- Born: April 16, 1914 Łódź, Russian Empire (now Poland)
- Died: April 1, 1997 (aged 82) Concord, Massachusetts, U.S.

Academic background
- Alma mater: University of California, Los Angeles University of Michigan Harvard University
- Doctoral advisor: Alvin Hansen
- Influences: John Maynard Keynes, John A. Hobson

Academic work
- Discipline: Political economy
- School or tradition: Post-Keynesian economics
- Doctoral students: Robert Eisner Robert Fogel Laura Tyson
- Notable ideas: Harrod–Domar model

= Evsey Domar =

Russian-American economist (1914–1997)

Evsey David Domar (Евсей Давидович Домашевицкий, Domashevitsky; April 16, 1914 – April 1, 1997) was a Russian-American economist, famous as developer of the Harrod–Domar model.

== Life ==
Evsey Domar was born on April 16, 1914, in the Polish city of Łódź, which was part of the Russian Empire at that time. He grew up in Manchuria, living in Dairen and Harbin where he attended the State Faculty of Law studying economics, before emigrating to the United States in 1936.

He received a Bachelor of Arts from UCLA in 1939, a Master of Science from the University of Michigan in 1940, a Master of Science from Harvard University in 1943, and a doctorate from Harvard in 1947.

In 1946 Evsey Domar married Carola Rosenthal. The couple had two daughters.

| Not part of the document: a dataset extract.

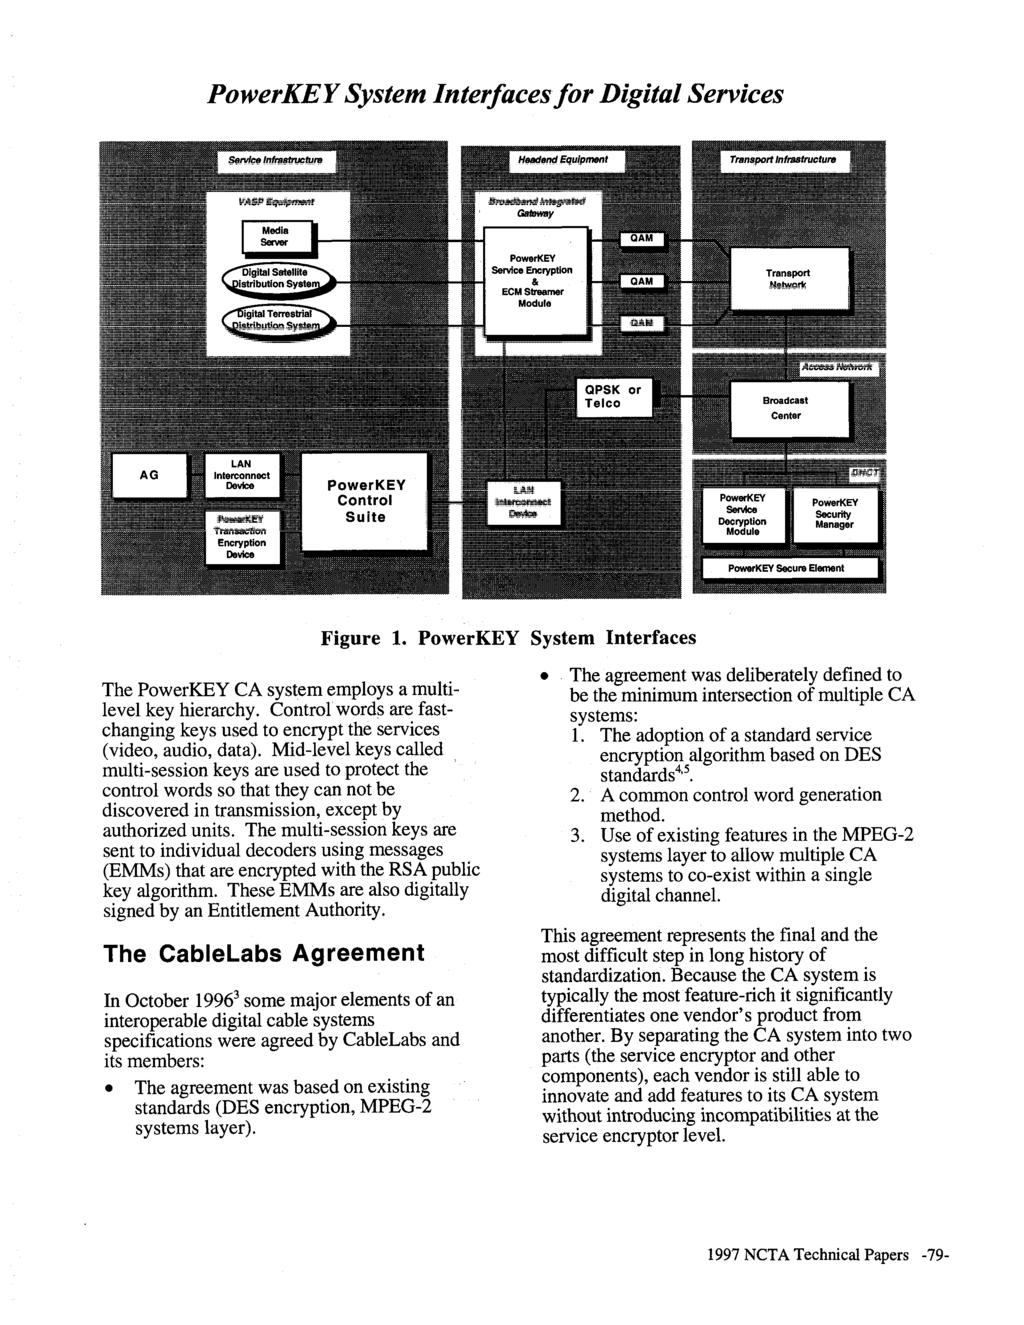 Power KEY System lnterfacesfor Digital Services PowerKEY Service Encryption & ECM Streamer Module Figure 1. PowerKEY System Interfaces The PowerKEY CA system employs a multilevel key hierarchy.
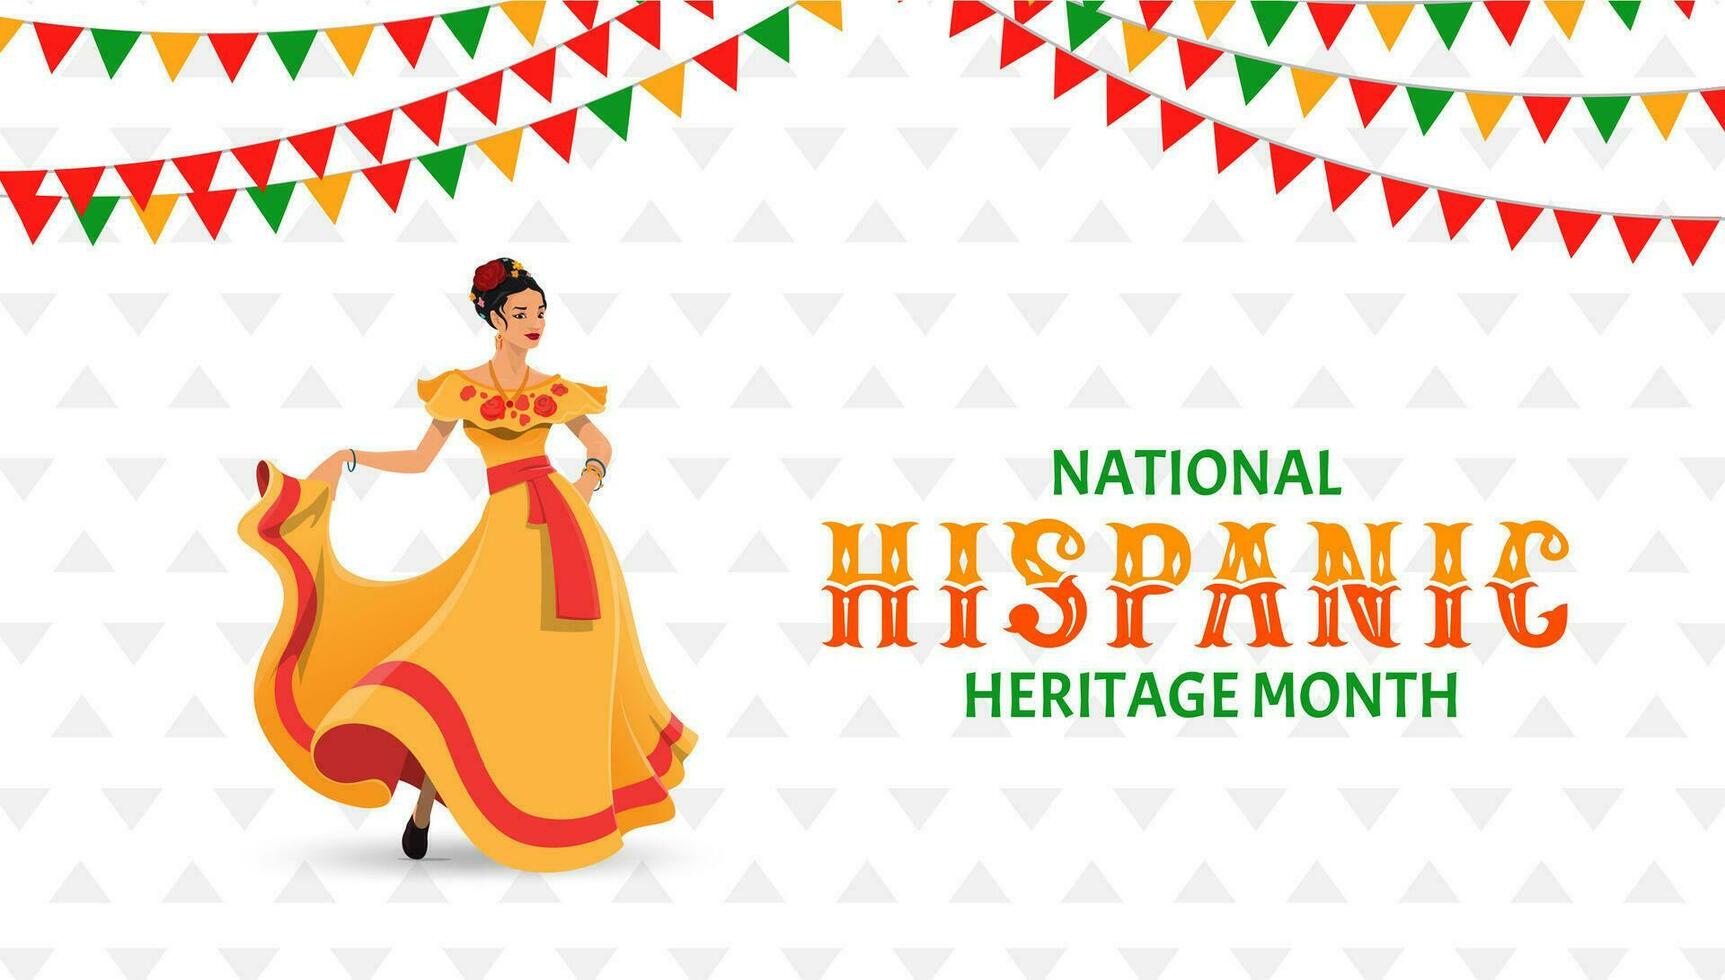 Tanzen Frau auf National spanisch Erbe Monat vektor

He was a professor at the Carnegie Institute of Technology, The University of Chicago, the Johns Hopkins University and then at the Massachusetts Institute of Technology from 1957 until the end of his career.

Evsey Domar was president of the Association for Comparative Economics and a member of several other academic organizations including the American Academy of Arts and Sciences, the Econometric Society, and the Center for Advanced Study in the Behavioral Sciences. He was on the executive committee of the American Economic Association from 1962 until 1965, and became the organization's vice president in 1970. In 1965, he was the first recipient of the John R. Commons Award, given by the economics honor society Omicron Delta Epsilon.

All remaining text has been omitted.